Take the line containing "hand of a man" and each line after it through the end of the data below, and return them exactly, minus any pictures.

Dataset content>
———

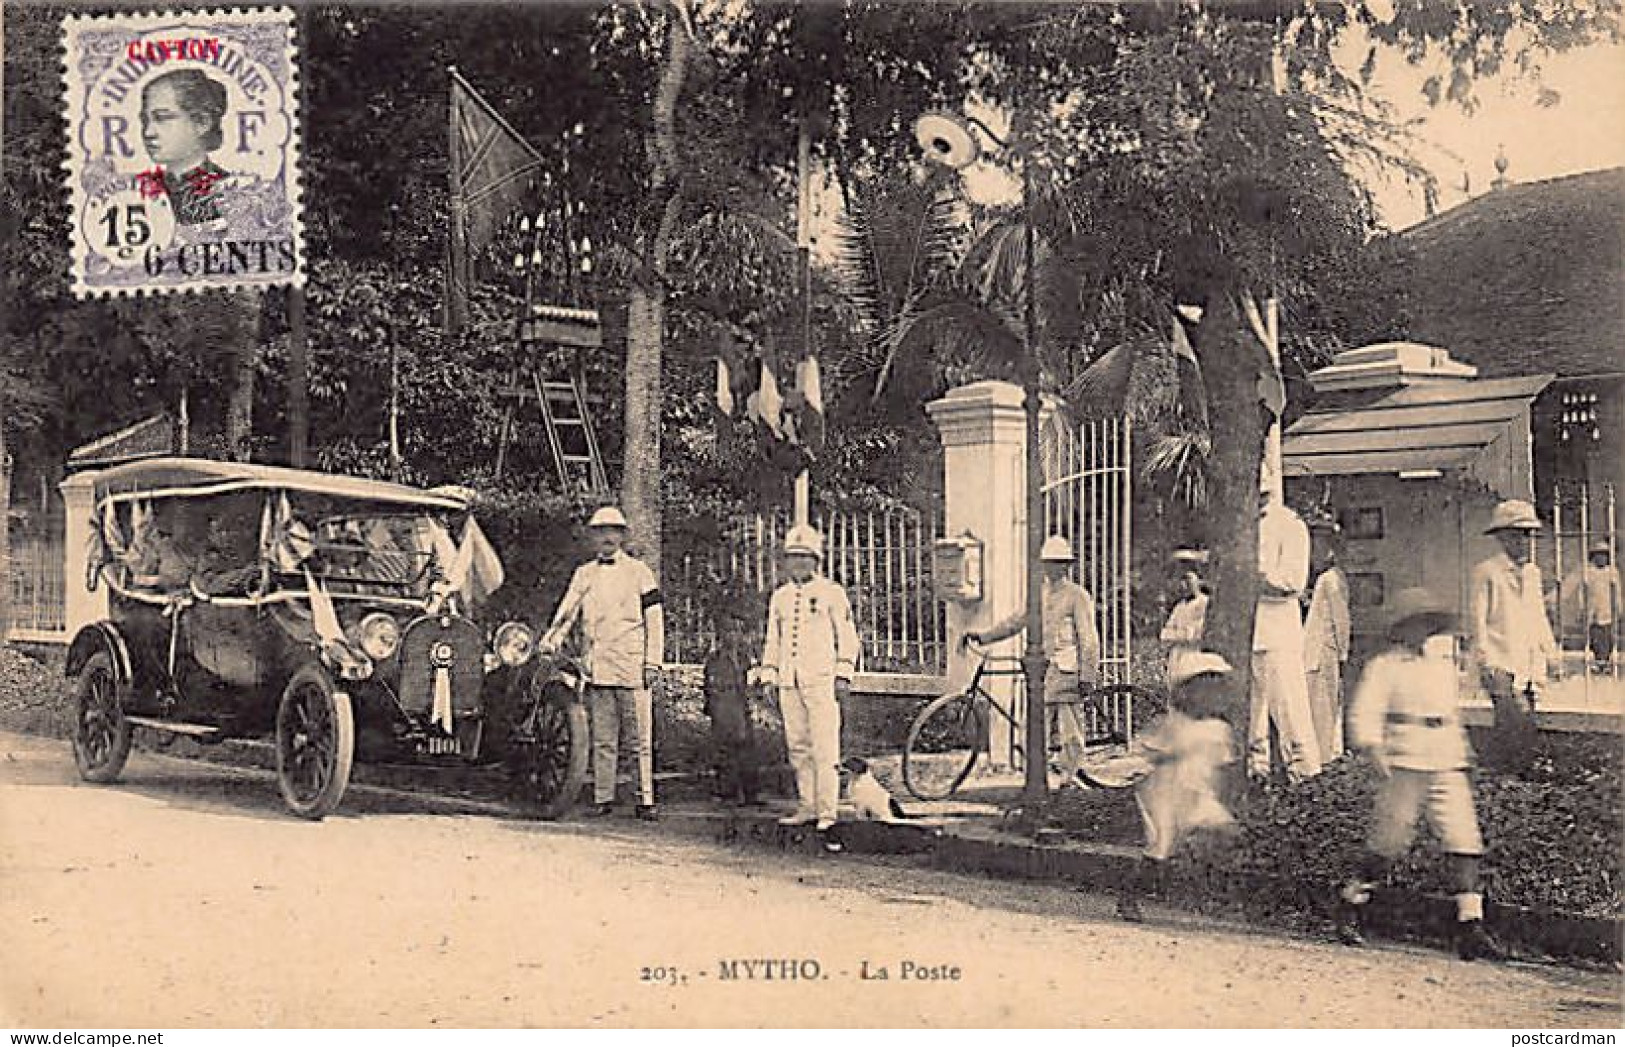 Viet-Nam - MYTHO - La Poste - Automobile Postale - Ed. Albert Portail 203 - Vietnam
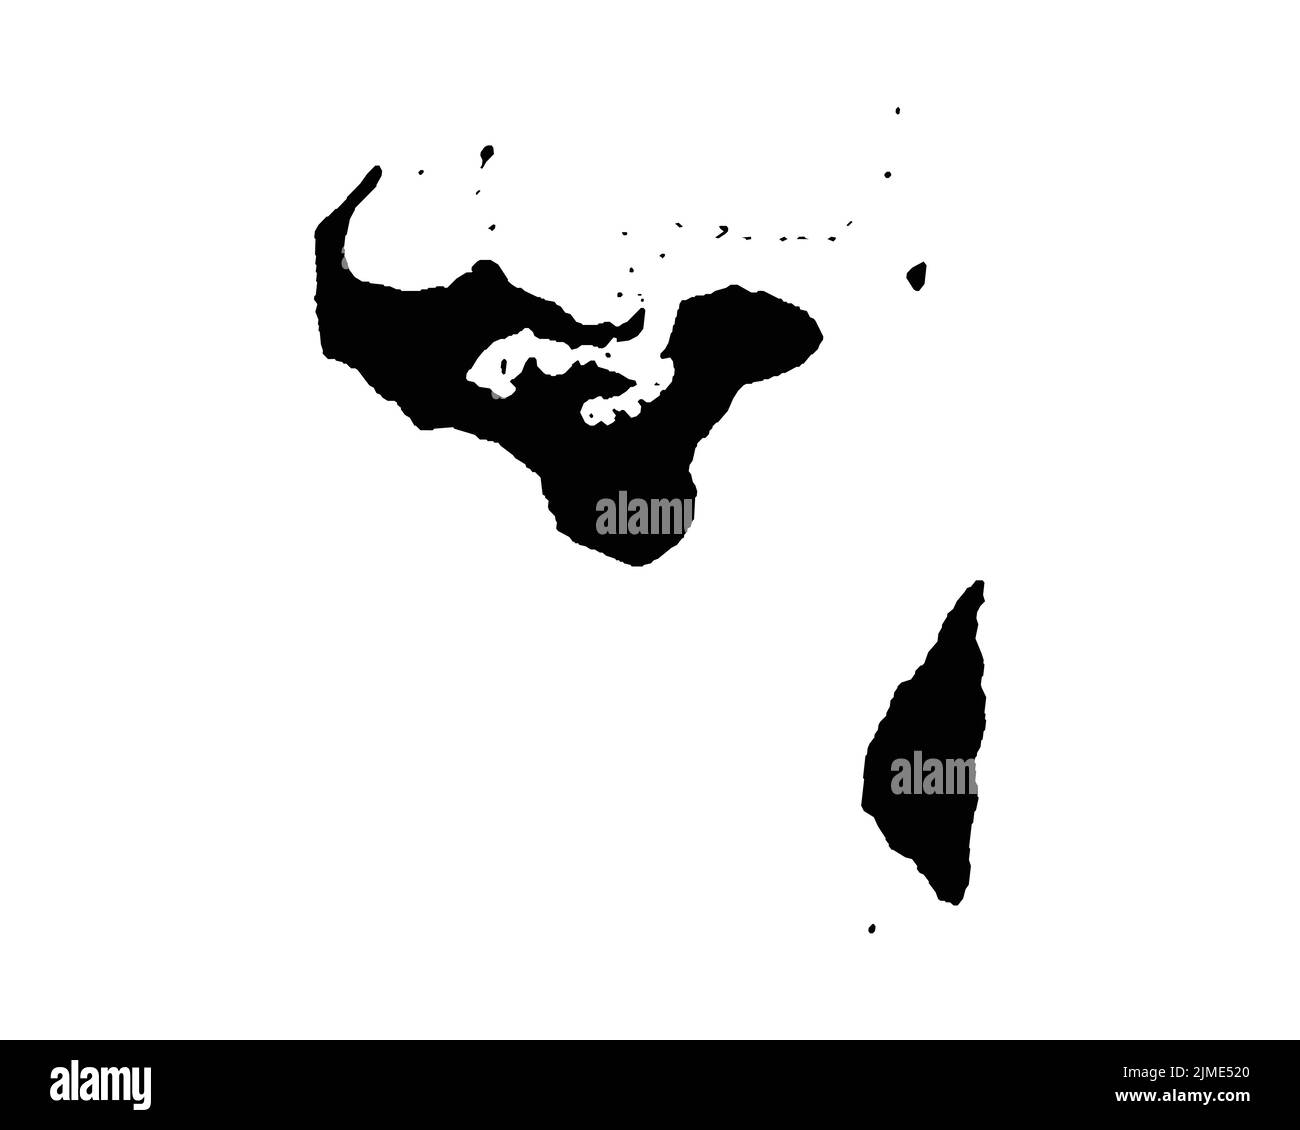 Tonga-Karte. Tongan Country Map. Schwarz-Weiß-Nationalgeographie Umriss Grenze Grenzgebiet Form Vektor Illustration EPS Clipart Stock Vektor
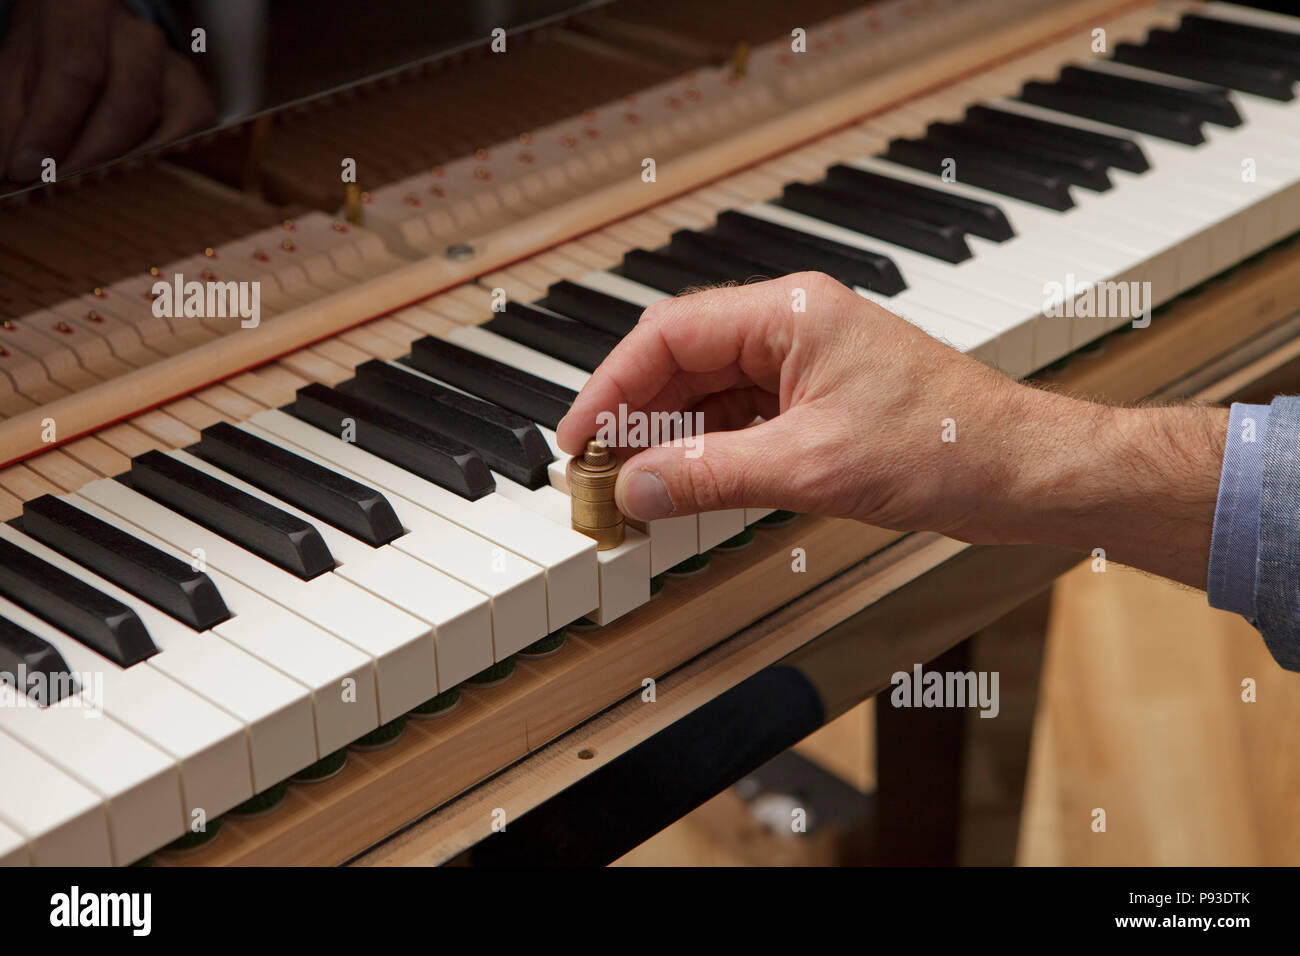 hand of a man tuning piano, close up Stock Photo
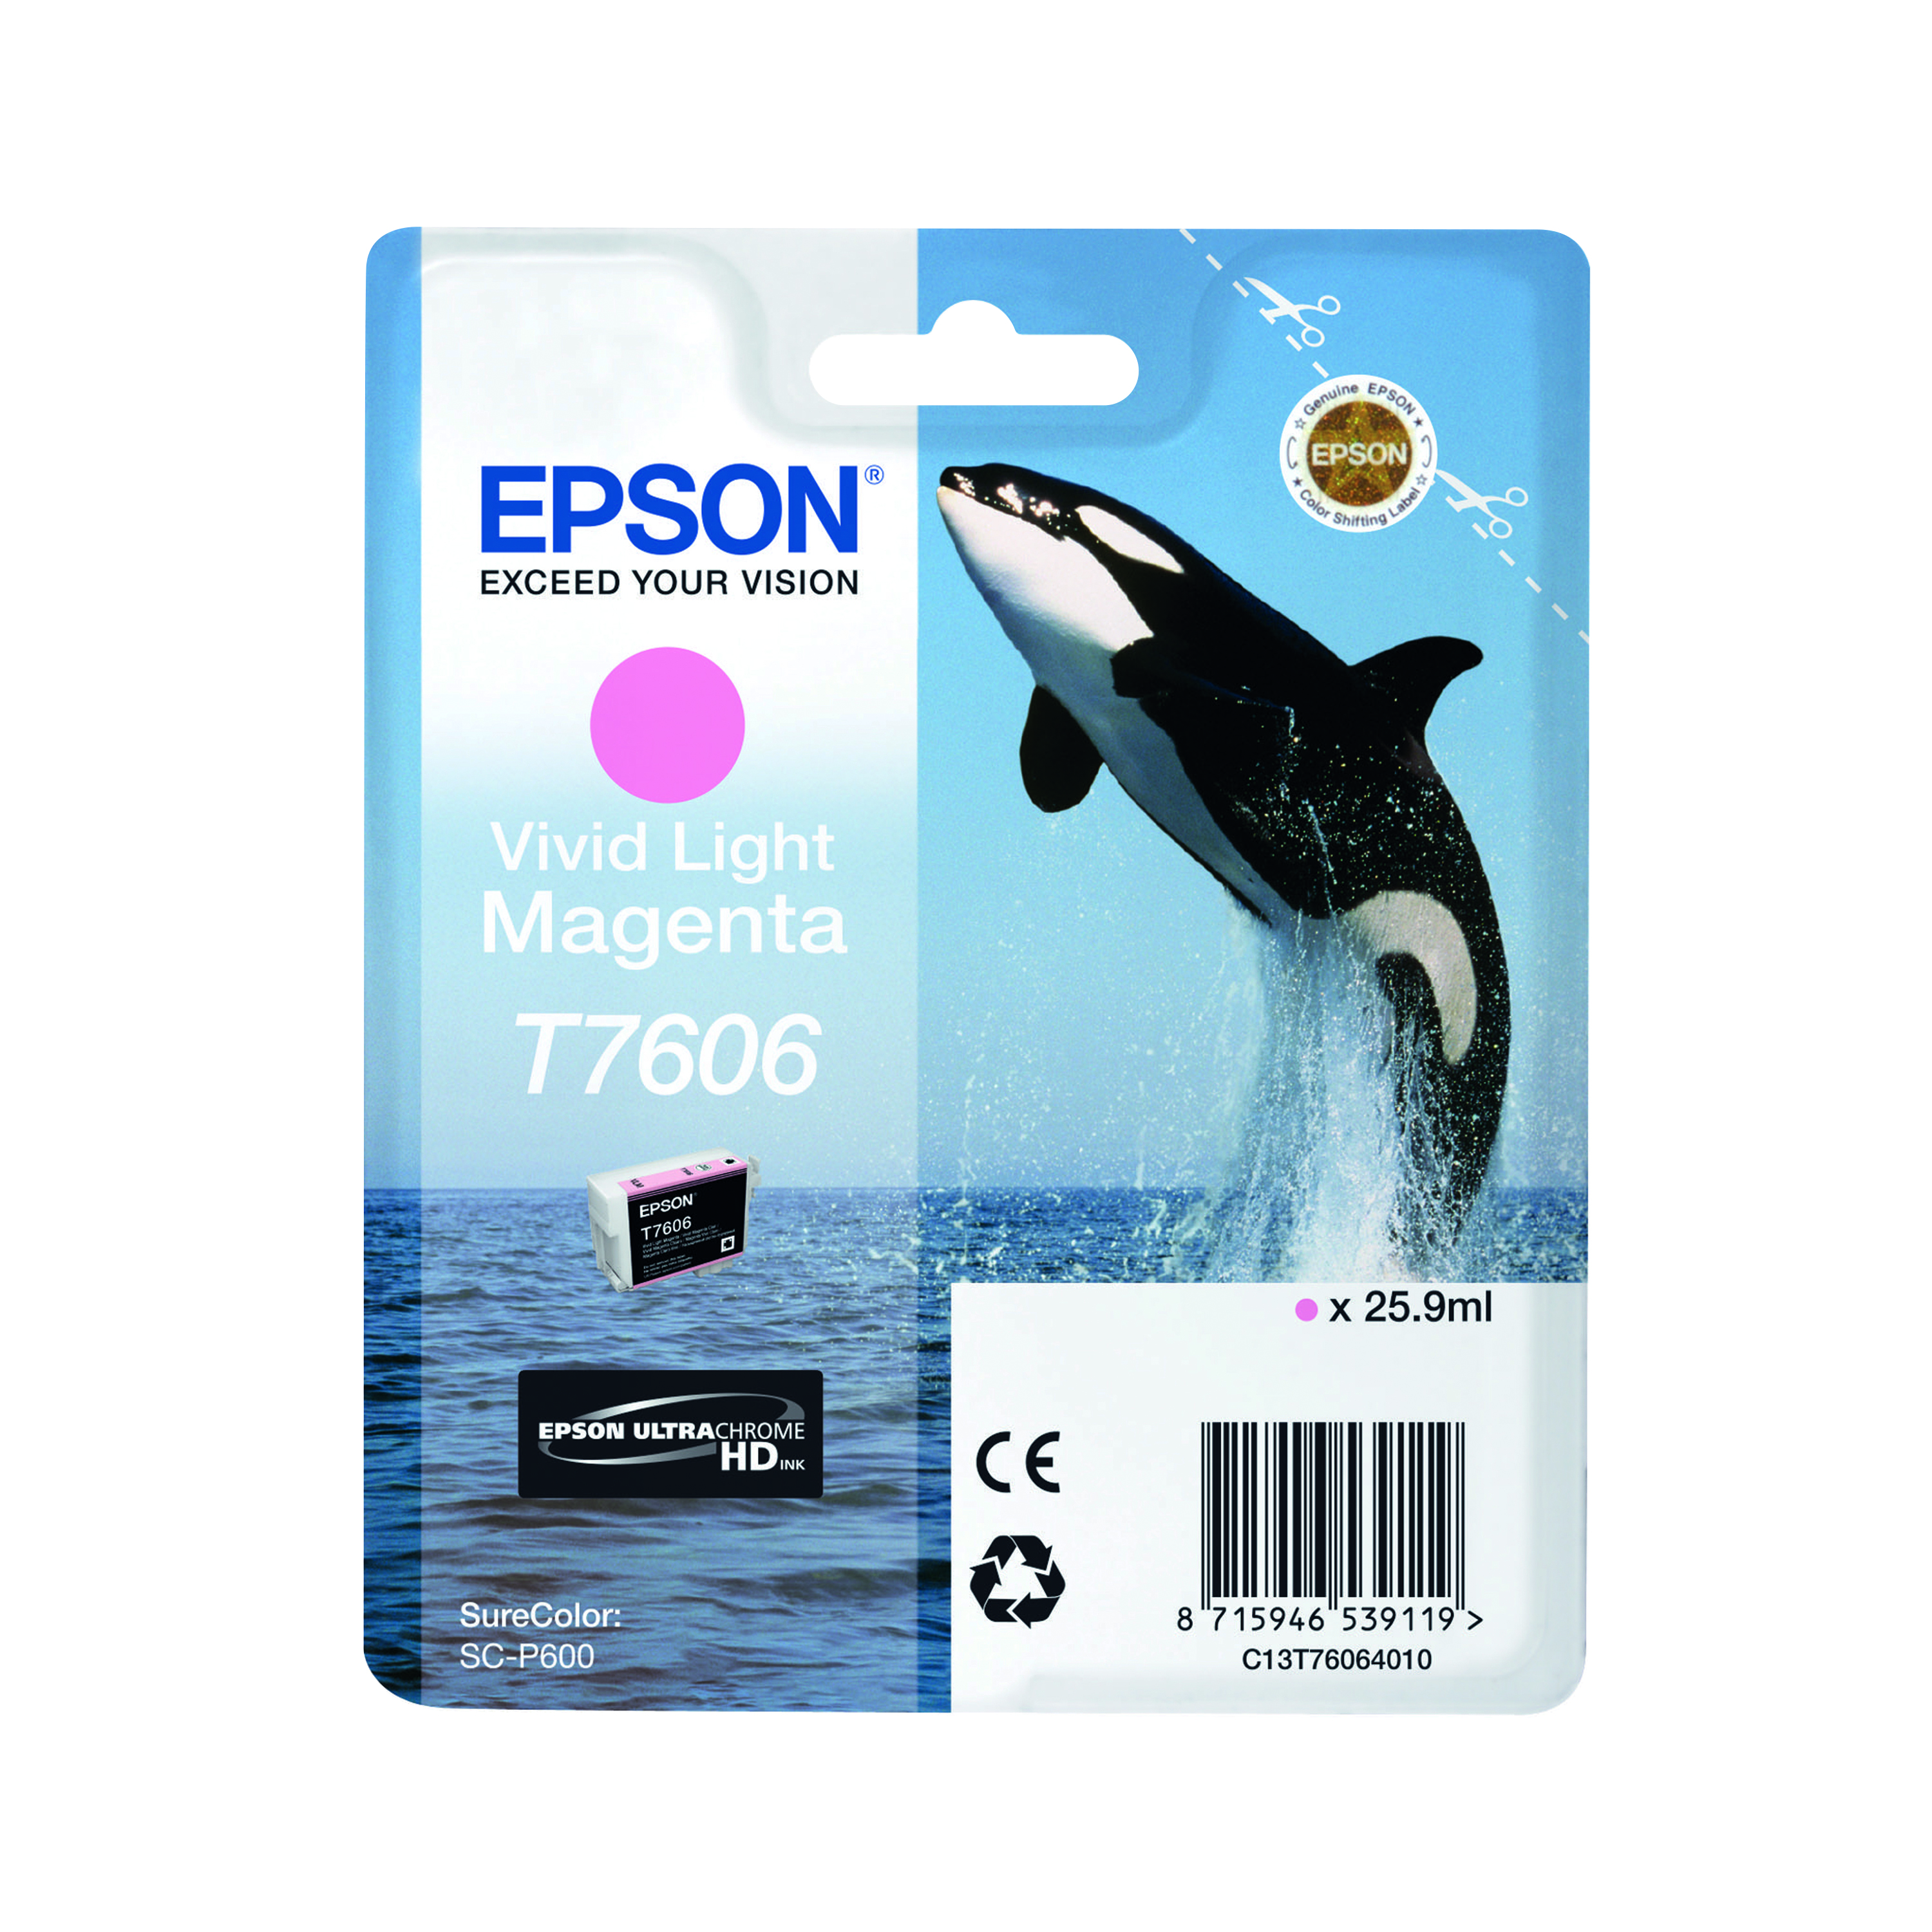 Epson T7606 Vivid Light Magenta Ink Cartridge C13T76064010 / T7606

———

Completed exercise>
 hand of a man tuning piano, close up Stock Photo
 Epson T7606 Vivid Light Magenta Ink Cartridge C13T76064010 / T7606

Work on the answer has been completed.